Removing the Kimono by Anne M. Carson
Hybrid Publishers, 2013
Every poem in Anne M. Carson’s collection is appealing on account of the distinctive cast of mind revealed in a precise language that registers the author’s alertness to all senses. Three groups of poems establish a pattern of mortality and rebirth, of natural forces and human emotions.
Carson’s poems are pellucid and direct, and the book reflects a poise and assuredness of expression that is reflected in the circularity of the poems. Loss looms large in Carson’s thought – as with Elizabeth Bishop, with whose poems (‘The Art of Losing’ and the ‘Waiting Room’, especially) I observe a beautiful symmetry of mood and balance in Carson’s work. The language is precise, admirably considered and restrained; unlike any other I’ve recently read on receptiveness to transience, the numinous and grief. She’s right to append each section with lines by Basho, and to conclude with a verse by Rumi on a world ‘too full to talk about’.

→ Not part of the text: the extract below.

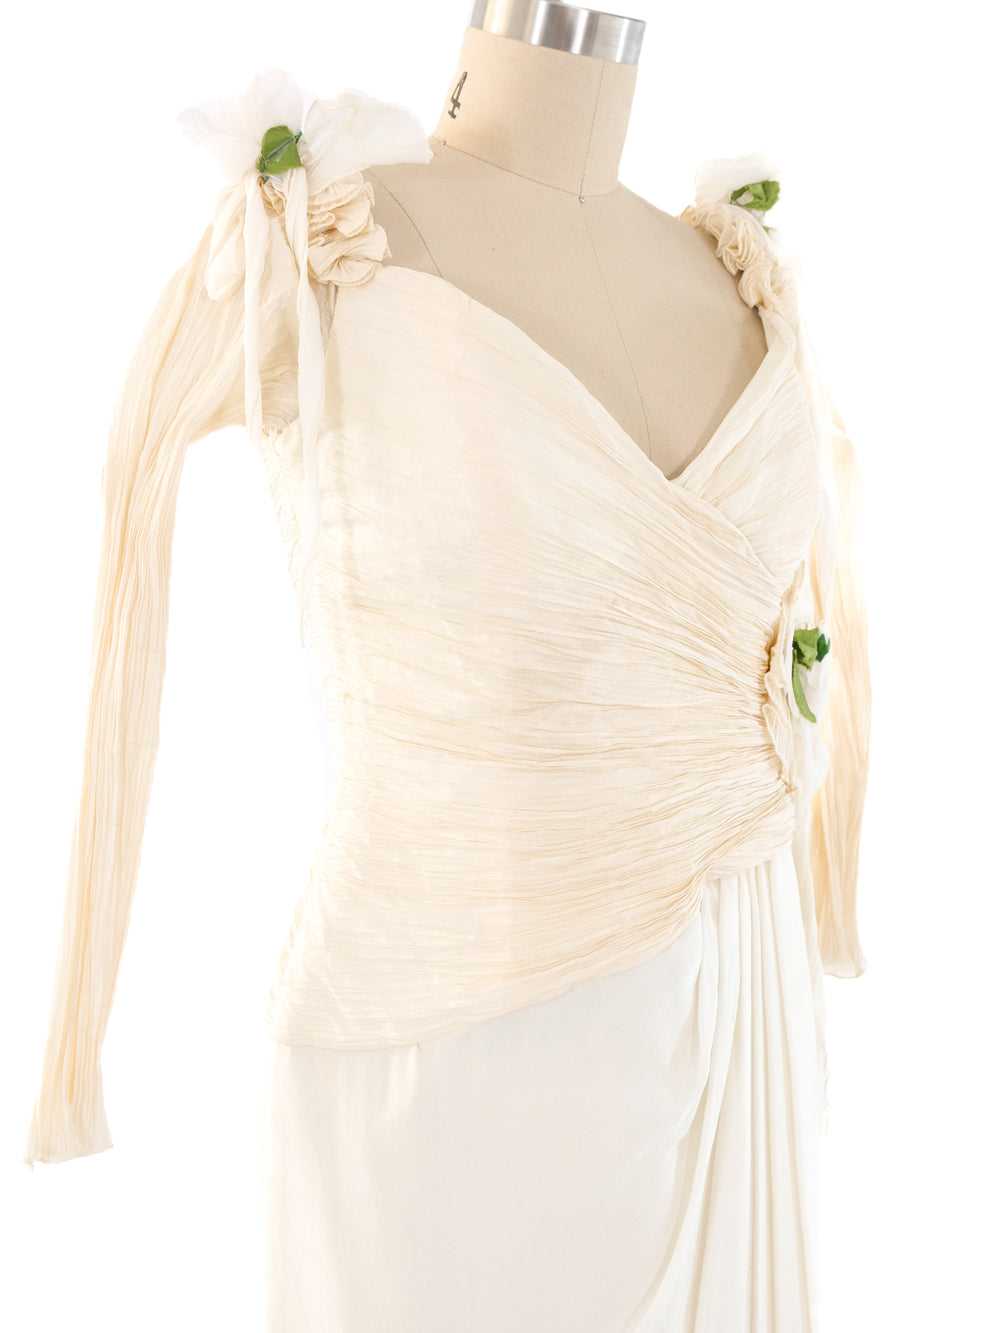 Zandra Rhodes Floral Embellished Dress - image 3

The early poem ‘The rain of bodies’ records the fall of birds to hunters’ guns. ‘The Crucible’, focusing on destruction by fire of a loved house, imprints on my mind the same sensation as that of pioneer American poet Anne Bradstreet’s on her loss of home. Elsewhere in the first section, Carson notes the uncanny way that cows ‘read’ ley-lines and align themselves with latitude. There are joyful surprises in both the observations and her way of saying. Of her father’s death, she writes ‘Around us, inside us, / molecules rearrange, adjust to his dying’.
Carson’s love for her husband, and his for her, takes strength from their passion for nature. She writes ‘We know each other by touch, by Braille’, and on his lingering death, she speaks of literally returning by boat ‘into a dusk prodigious with light’ and ponders ‘Could dying be like stepping into the numinous?’ How close this tone is to that of so many of Denise Levertov’s profound meditations: I’m continually struck by how rich Carson’s poems are. And how exactly right her similes and metaphors: flying over Lake Eyre, she sees the landform extend ‘like an enormous Miró canvas’, and reflects on her and her fading husband’s lives. ‘The further we go the less substance. The parallel is not lost on me’.
Carson contrasts the way animals die: ‘so well – at home in the world, snug under the cover of darkness – no complaint, only a foetal curl, a sigh, letting it come as it will’. The title poem of the collection finds her empty of grief, as the kimono of mourning is reverentially taken from her and put away with other garments. She states ‘Unmade, I prepare to start / over, alone on tatami’.
Carson takes up a fire motif in the third section, observing the regeneration of vegetable life after loss. In the poem ‘the eloquence of seeds’, ‘Eucalypts have put on sleeves – pressure bandages on burns’, and ‘a moss poultice covers the earth’. Solid spears of regrowth ‘rear into space, fields of lingams insisting on existence’. She continues; ‘I want / to be told it again and again, until I know it by heart’. An ensuing poem ‘On giving away your old red scarf’, reprises earlier poems in the collection on the image of a Brahmin kite rising: ‘a russet scarf disappearing into blue’. The balance is extraordinary, evidence of a meticulous sequence of poems.
Travel poems in the third section concern early journeys abroad – to Berlin, and Lisieux, as well as more recent travels to the Sydney Biennale (where ‘the relics of industry’ are ‘a latter-day version of ruins’), Malaysia, and return to Balnarring Beach in Victoria, the setting of an earlier poem ‘The birds engrave circles’ – reinforcing the sense of endings recalling beginnings. A poem on the reported death of her first husband finds her unmoved: she had already buried ‘the body of our marriage’, enabling her to remark ‘Twice bereaved by you and never once / your widow’. A poem about hearing, as a child and with her grandmother, a broadcast of the hanging of Ronald Ryan (the last person to be legally executed in Australia) established her first awakening to mortality and fear of dying. She recalls the thought ‘So this is what they do, grown-ups, I mean, / This is what they’re like // out there in the world.
Removing the Kimono is a book of intense honesty, recorded thought and experience. It’s an irresistibly attractive collection which I believe, will be long admired by everyone who reads it.